Executive Order 14347
- Front page of Executive Order 14347
- Type: Executive order
- Number: 14347
- President: Donald Trump
- Signed: September 5, 2025

Federal Register details
- Federal Register document number: 2025-17508
- Publication date: September 5, 2025

Summary
- The executive order aims to rename the United States Department of Defense to the Department of War.

= Executive Order 14347 =

2025 U.S. Department of Defense rebranding

Executive Order 14347, titled Restoring the United States Department of War, is an executive order signed by Donald Trump, the 47th president of the United States, on September 5, 2025. Among U.S. federal agencies, the order authorized the use of the secondary title "Department of War" for the United States Department of Defense in non-statutory communications. The Defense Department now refers to itself as the "Department of War" in public and on its website, but is still technically named the Department of Defense, as only an act of Congress can formally change the name of a federal department.

== Background ==
Prior to 1947, civilian control of the United States Armed Forces was overseen by two Cabinet-level executive departments: the United States Department of War and the United States Department of the Navy. The National Security Act of 1947 reorganized the US military by establishing the National Military Establishment (NME) headed by the secretary of defense, placing the Navy Department and the War Department underneath it, renaming the latter to the Department of the Army, and spinning off the Department of the Air Force. Two years later, the National Military Establishment was renamed the Department of Defense, reportedly because "NME" was pronounced like "enemy".

== Provisions ==
The secretary of defense is authorized to use the secondary title of secretary of war, including in official correspondence and public communications. Accordingly, the Department of Defense and the Office of the Secretary of Defense are authorized to be referred to as the Department of War and Office of the Secretary of War, respectively, in the same contexts. The same standards are applied for the deputy secretary of defense and under secretaries of defense.
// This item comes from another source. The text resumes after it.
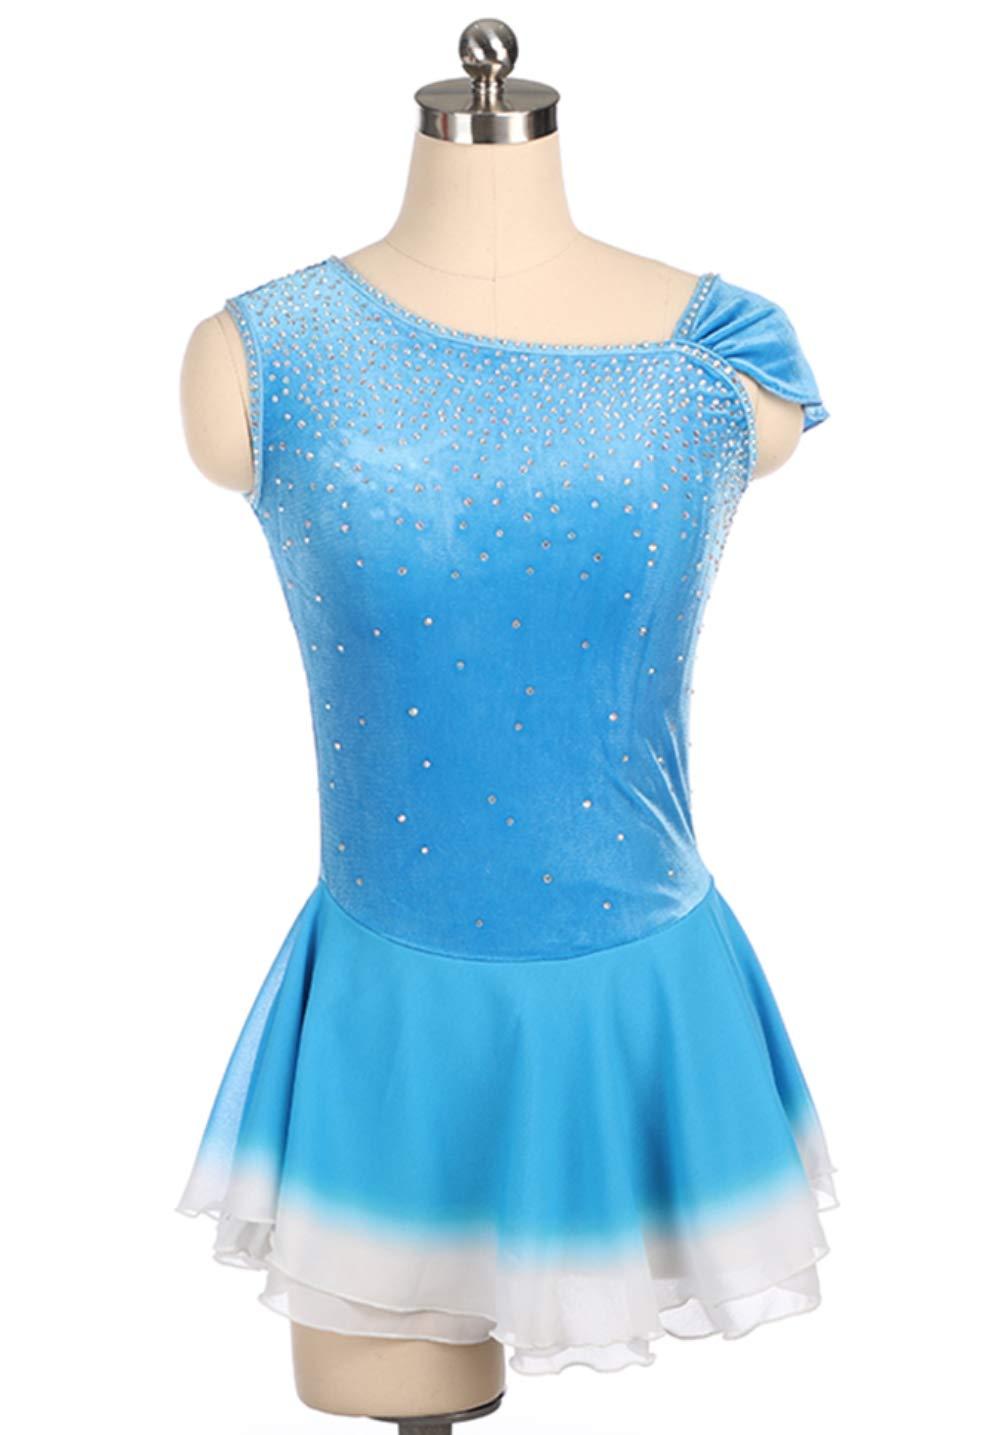 Terciopelo Vestido de Patinaje artístico para niñas, Traje ...

Other federal agencies are required to recognize and accommodate the secondary titles, though it recognizes that statutory references can only be changed by law. Accordingly, the secretary is required to submit a recommendation to the president on necessary legislative actions to accomplish the order's goal.

== Implementation ==

Shortly after Trump signed the executive order, the official website of the Department of Defense was rebranded to use the "Department of War" name and its URL was changed to "war.gov". However, the "Defense" names remain the only statutory names, as only an act of Congress can formally change these titles. In November 2025, insiders interviewed by NBC News estimated that implementation could cost $2 billion USD, with half of that amount dedicated to new letterhead and signage. When asked about the estimate, department spokesperson Sean Parnell replied that costs had not been finalized.

== Reactions ==
Trump labeled the Department of Defense name as "woke" and claimed the new name "sends a message of victory". Secretary Pete Hegseth said the decision would "set the tone for the country." Current and former department officials expressed concern over the cost of the rebranding, which would potentially require changing departmental seals on 700,000 military facilities, and logos on everything from letterheads to napkins. Larry Wilkerson, the chief of staff to former secretary of state Colin Powell described the rebranding as "very, very costly" and estimated that it could cost hundreds of millions of dollars. Others stated that the new name reflected the status of the United States as a global superpower, including representative Ryan Zinke who stated "There's a projection of power the United States has to have".

Congressional Republicans generally supported the name change, with senators Rick Scott and Mike Lee introducing legislation to formalize the change. Others, including former Senate minority leader Mitch McConnell partially criticized the change as superficial and stated that "'Peace through strength' requires investment, not just rebranding". Democrats opposed the change, particularly Illinois Democrats. Trump had threatened that the former would "learn why it's called the Department of War" by deploying federal troops to combat crime in the city. Illinois governor JB Pritzker labeled this as "not normal", while Chicago mayor Brandon Johnson called the threats "beneath the honor of our nation".